Monday, 27 August 2012

The most influential book in the world

How to interpret the Bible

Of fundamental importance to human life is whether or not certain events actually took place or not. If they did not they are consigned to irrelevance or at least sidelined as far as a general canon of literature is concerned. Non-historical literature, although important reading for a politician on holiday, would never be essential reading for him when he is at work, at say the foreign office. 

In this regard, whether the Bible is or is not a history (natural or human) is crucial. We often hear about the Bible being history, but we really need to examine what that means. First of all, the Bible cannot simply be a history, since so much of it is unmistakably prophecy.

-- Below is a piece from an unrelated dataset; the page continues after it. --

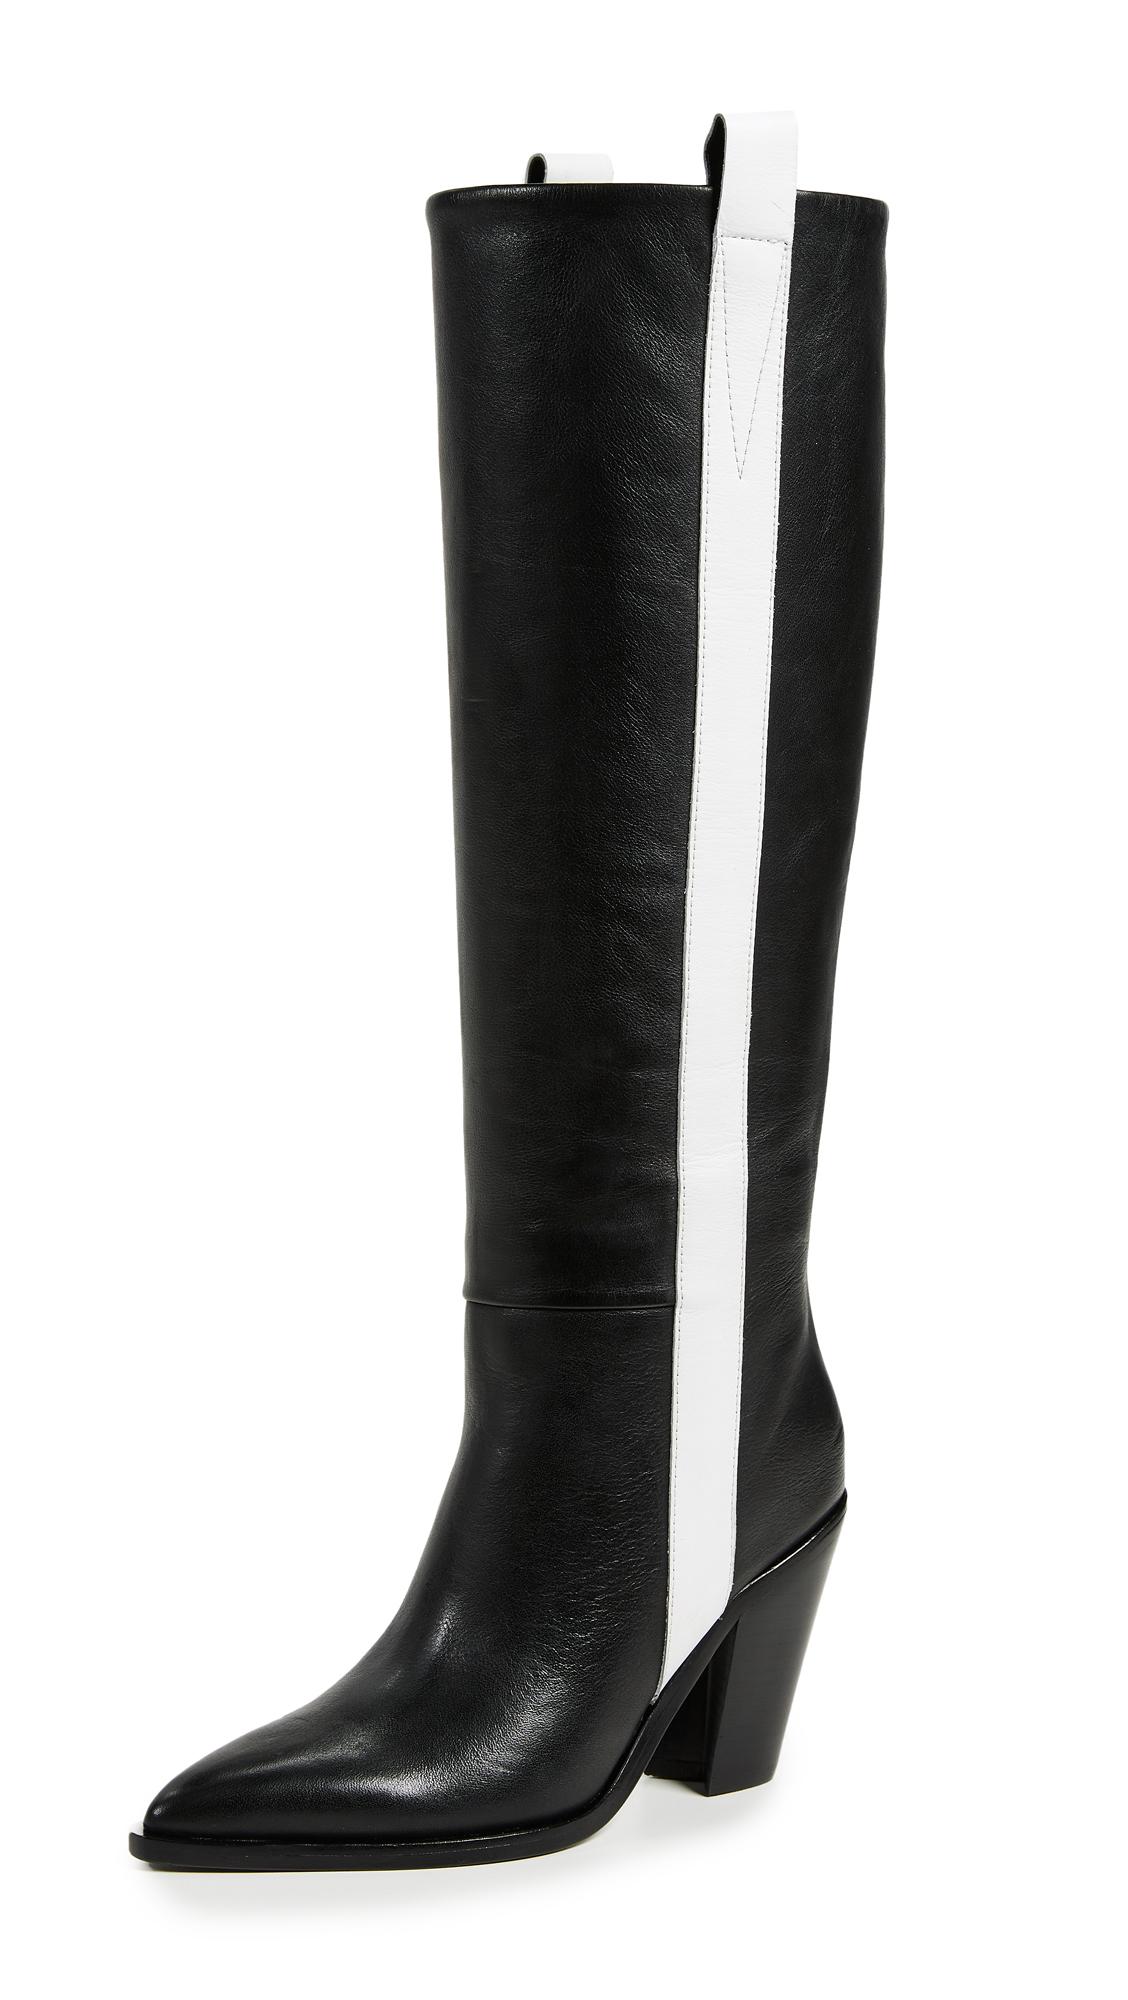 Sigerson Morrison Kaethe Boots - Black/Bianco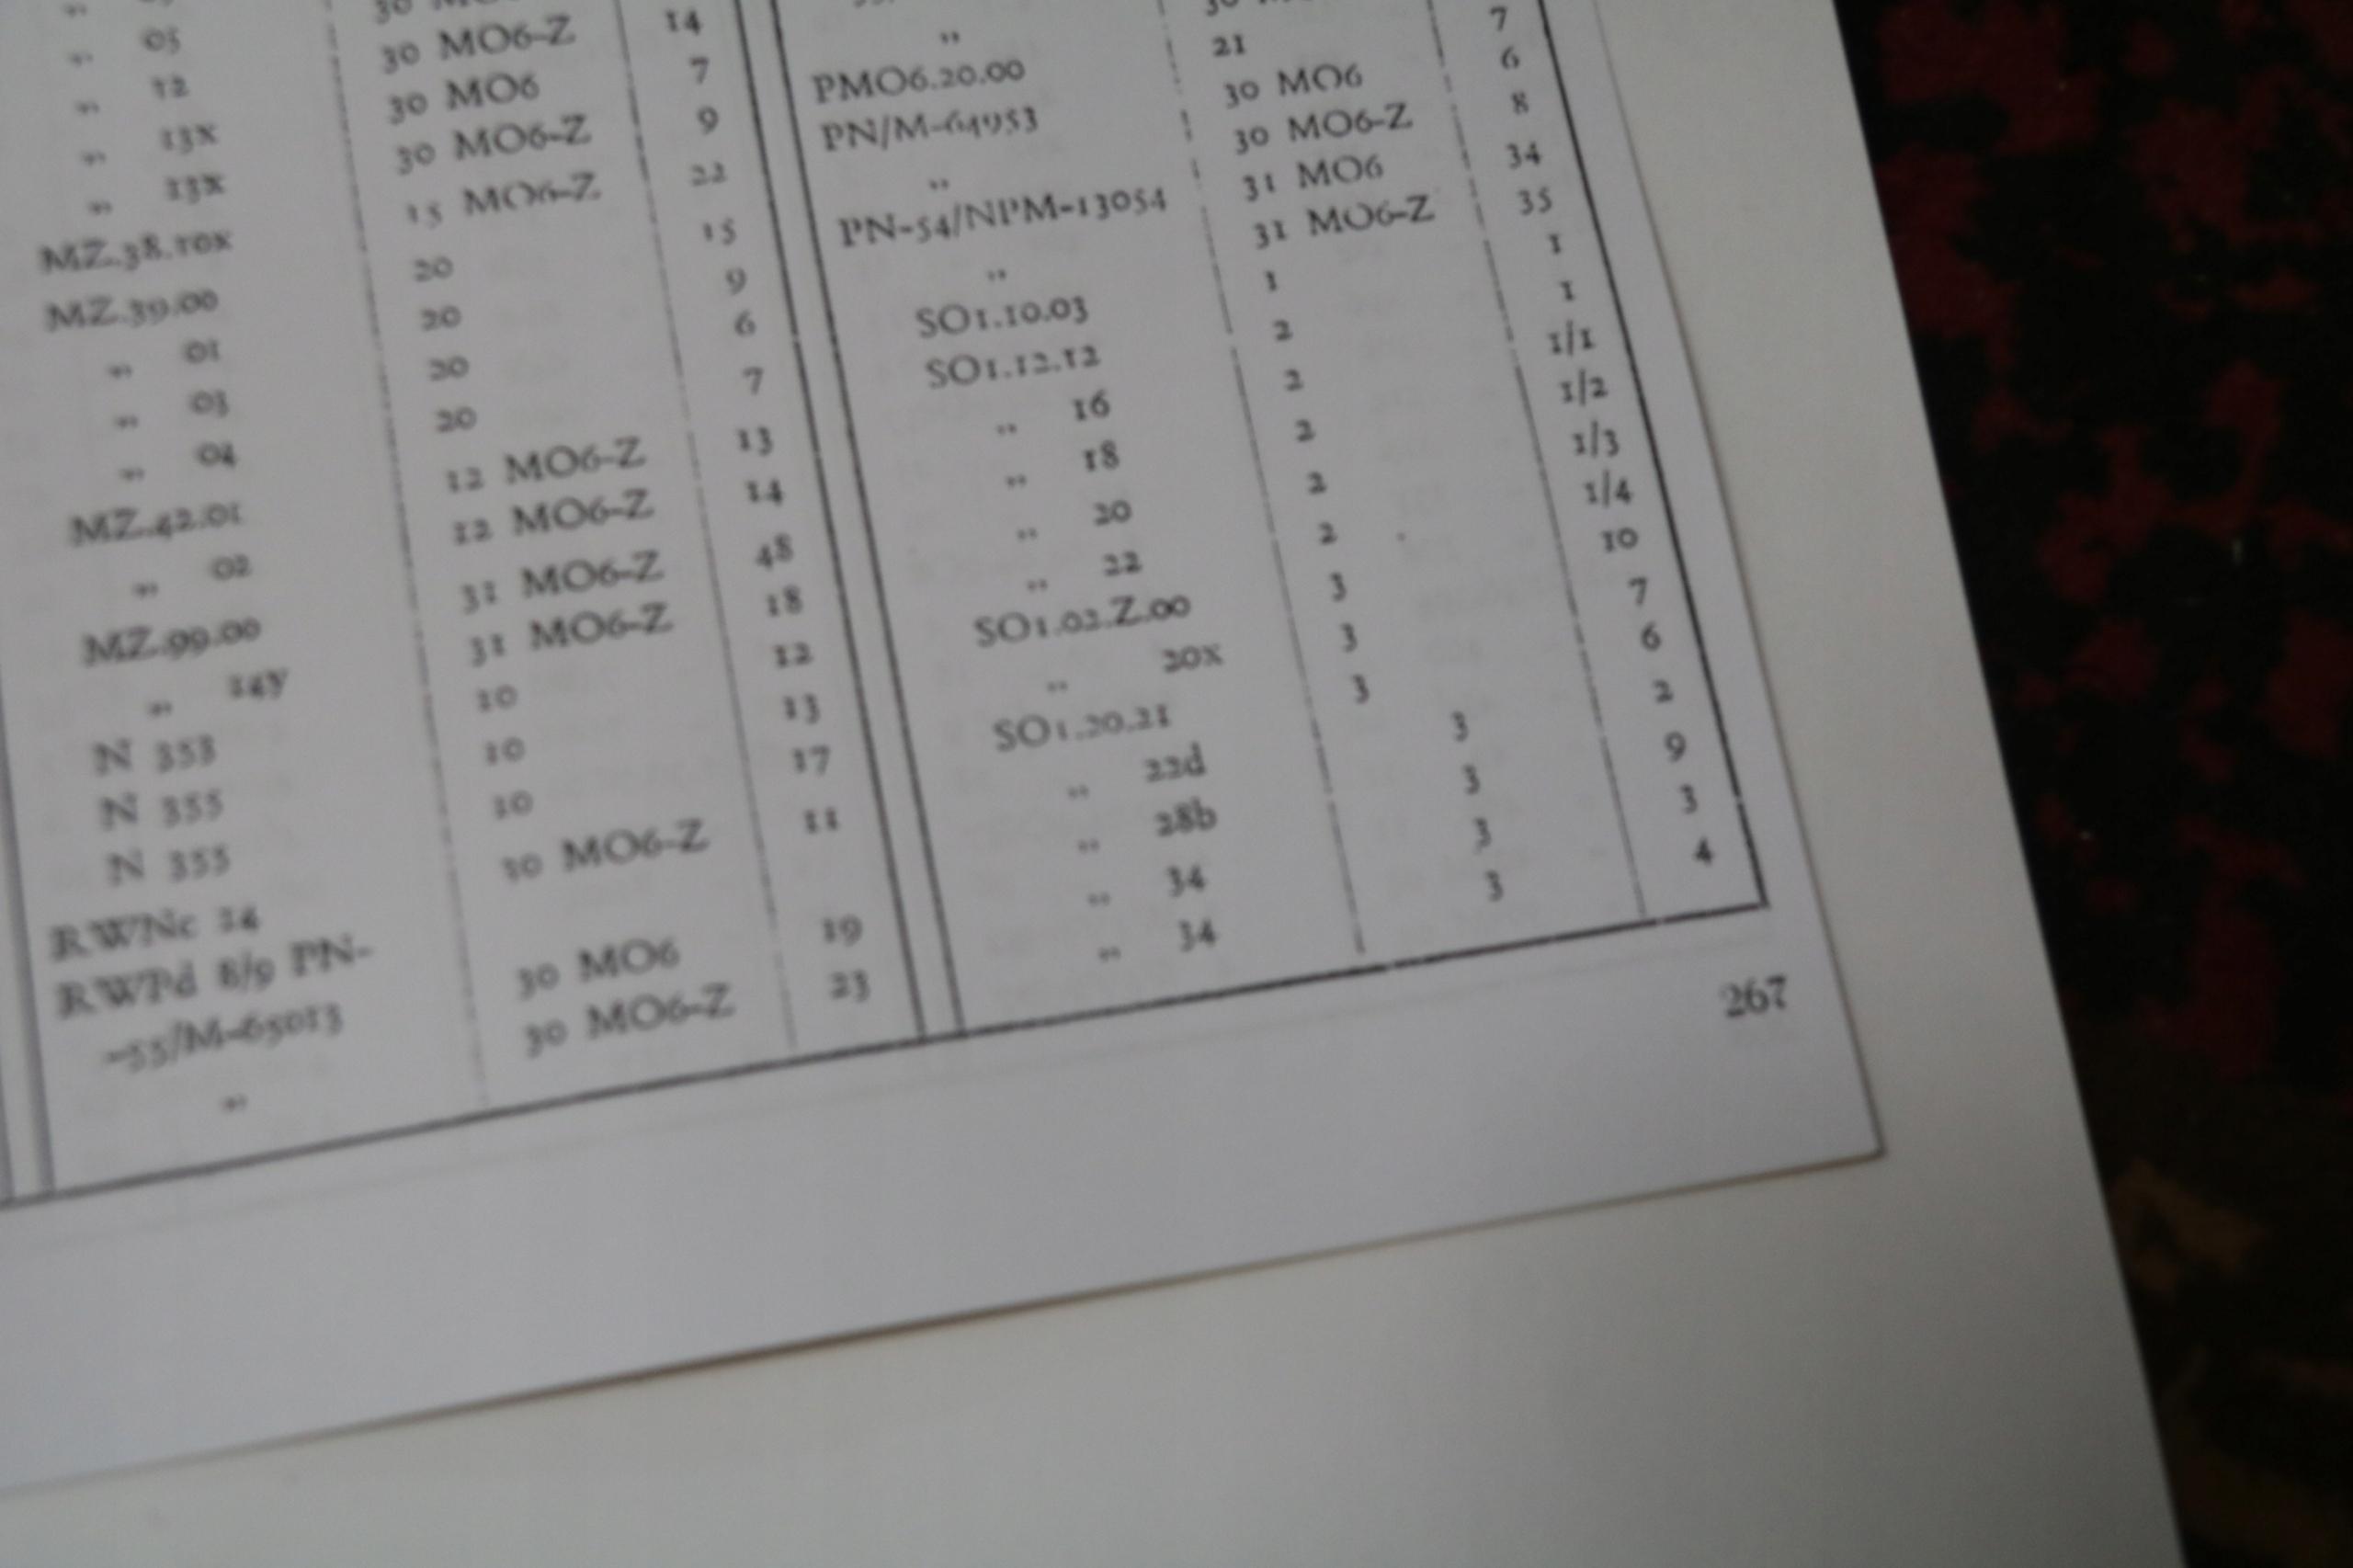 KATALIZATORIUS DALYS INSTRUKCIJA WSK 125 AZ 267 STRON !!!

The first part of the Old Testament is the Pentateuch or the law. This was probably written by a prophet, and if not certainly strongly features the prophets Abraham and Moses. The second part of the Bible is referred to as the historical books. They are about the prophetic establishment of the Kingship by Samuel and the maintenance of the Kingship through the prophetic word (2 Sam. 7 vs. 1-18). Although bright Messianic hopes are born during this time, in many respects these books are concluded with dismal failure and the exile of the Jewish people to Babylon. Next comes the wisdom literature, not much prophecy here, although wisdom is crucial for keeping prophecy in check. During the exile the prophetic books (major and minor) come to feature more strongly again and these overtake the former prophets (Zechariah 1 v.6).

Prophetic history is a far more accurate summary of the Bible than history alone. But history it is nonetheless.

However, according to the Bible all history, and this is crucial to understand the Bible, is founded on God's word. The heavens and earth were created by God's word, and empires rise and fall by God's word. The most fundamental description of the Bible is that it is God's word. But this is in some respects too fundamental, and may become fundamentalist if it is pressed too hard. If those things that are mentioned in God's word did not actually take place in human and natural history, and the word of God cannot be established through these subjects, it will inevitably be sidelined and (perhaps politely) ignored.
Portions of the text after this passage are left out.